INFORMATION SHOWN >>
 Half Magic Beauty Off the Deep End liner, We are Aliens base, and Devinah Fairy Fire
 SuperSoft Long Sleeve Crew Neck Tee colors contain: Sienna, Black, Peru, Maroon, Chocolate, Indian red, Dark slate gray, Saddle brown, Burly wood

---

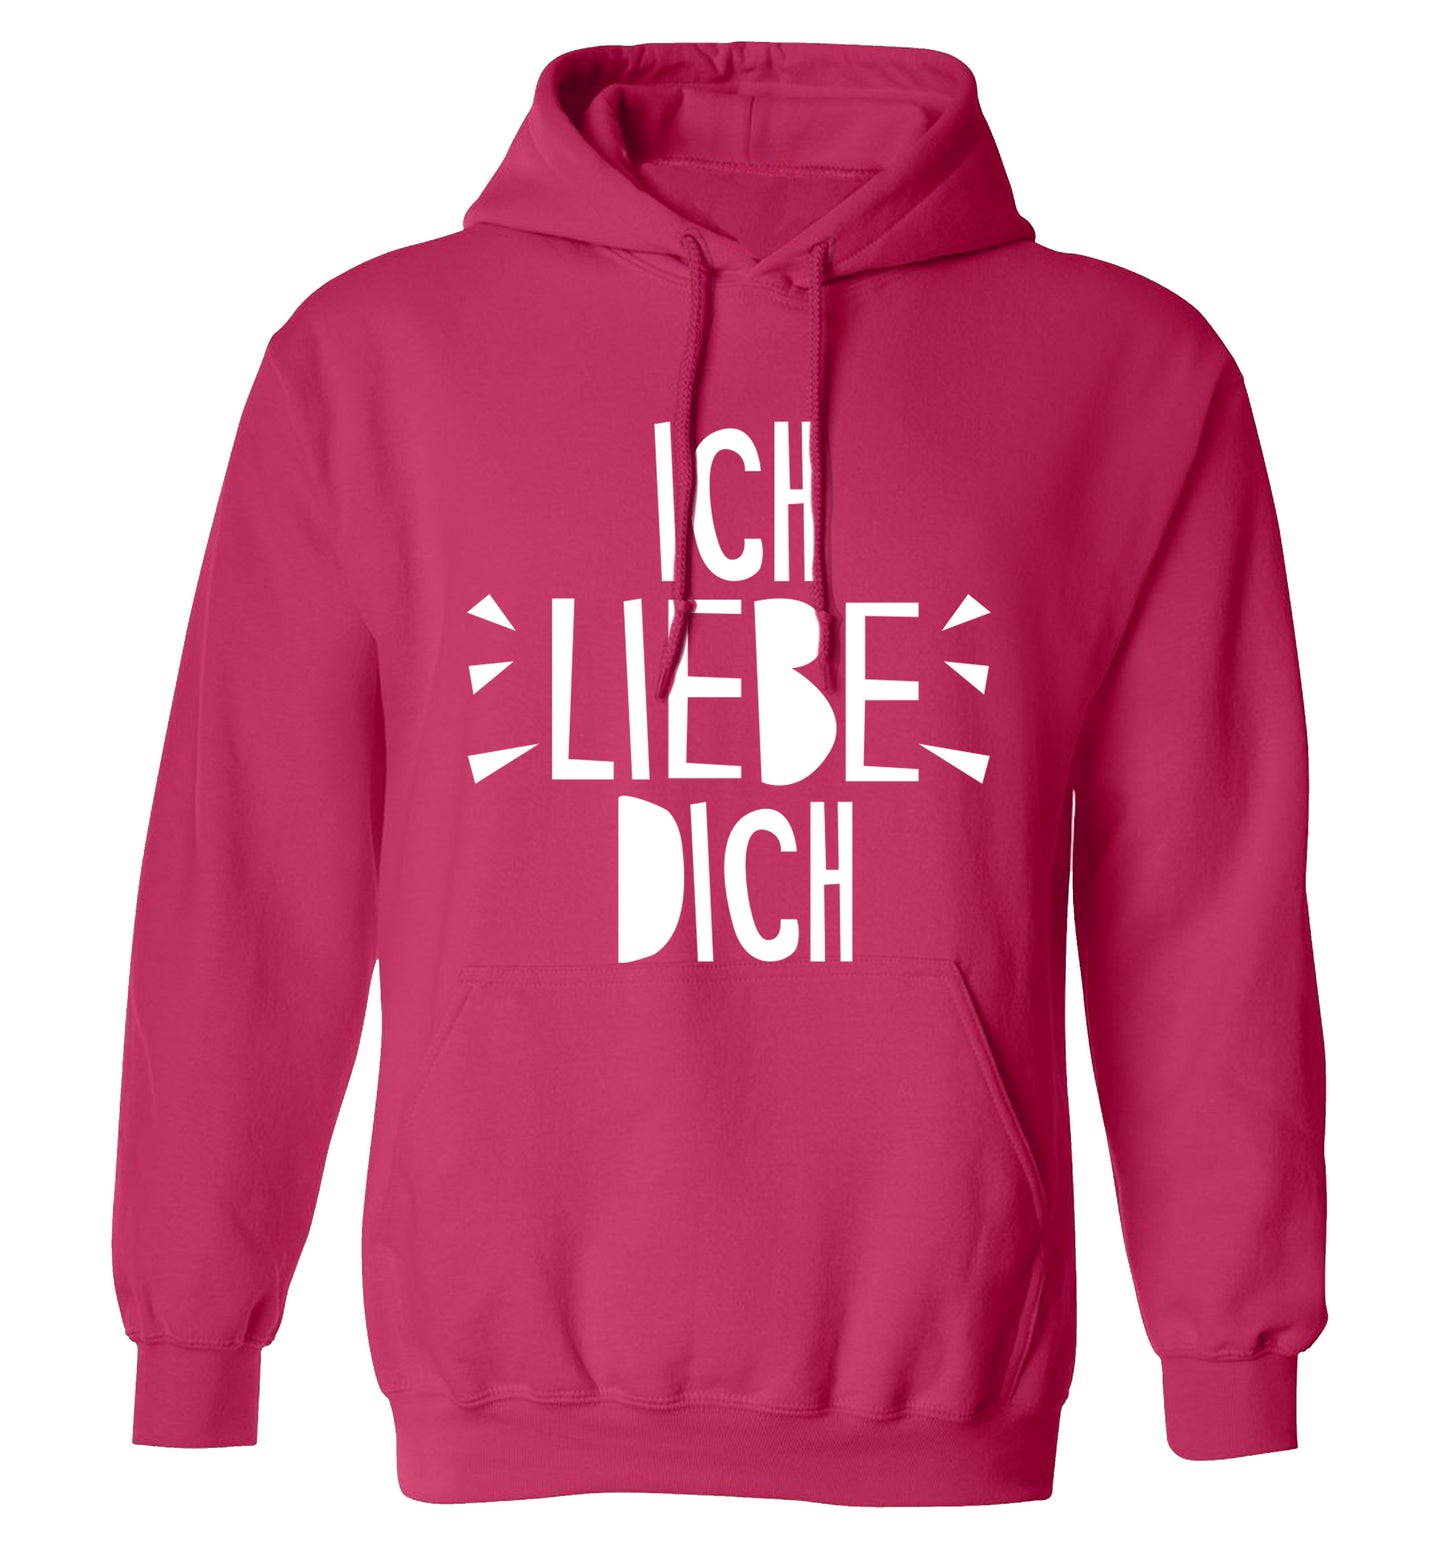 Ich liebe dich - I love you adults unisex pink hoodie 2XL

ACTION ITEM >> Would you please write out, exactly and with no other lines, the stretch of the listing above from the line containing "Half Magic Beauty" through the line containing "SuperSoft Long Sleeve"?

EXERCISE OUTPUT >>
 Half Magic Beauty Off the Deep End liner, We are Aliens base, and Devinah Fairy Fire
 SuperSoft Long Sleeve Crew Neck Tee colors contain: Sienna, Black, Peru, Maroon, Chocolate, Indian red, Dark slate gray, Saddle brown, Burly wood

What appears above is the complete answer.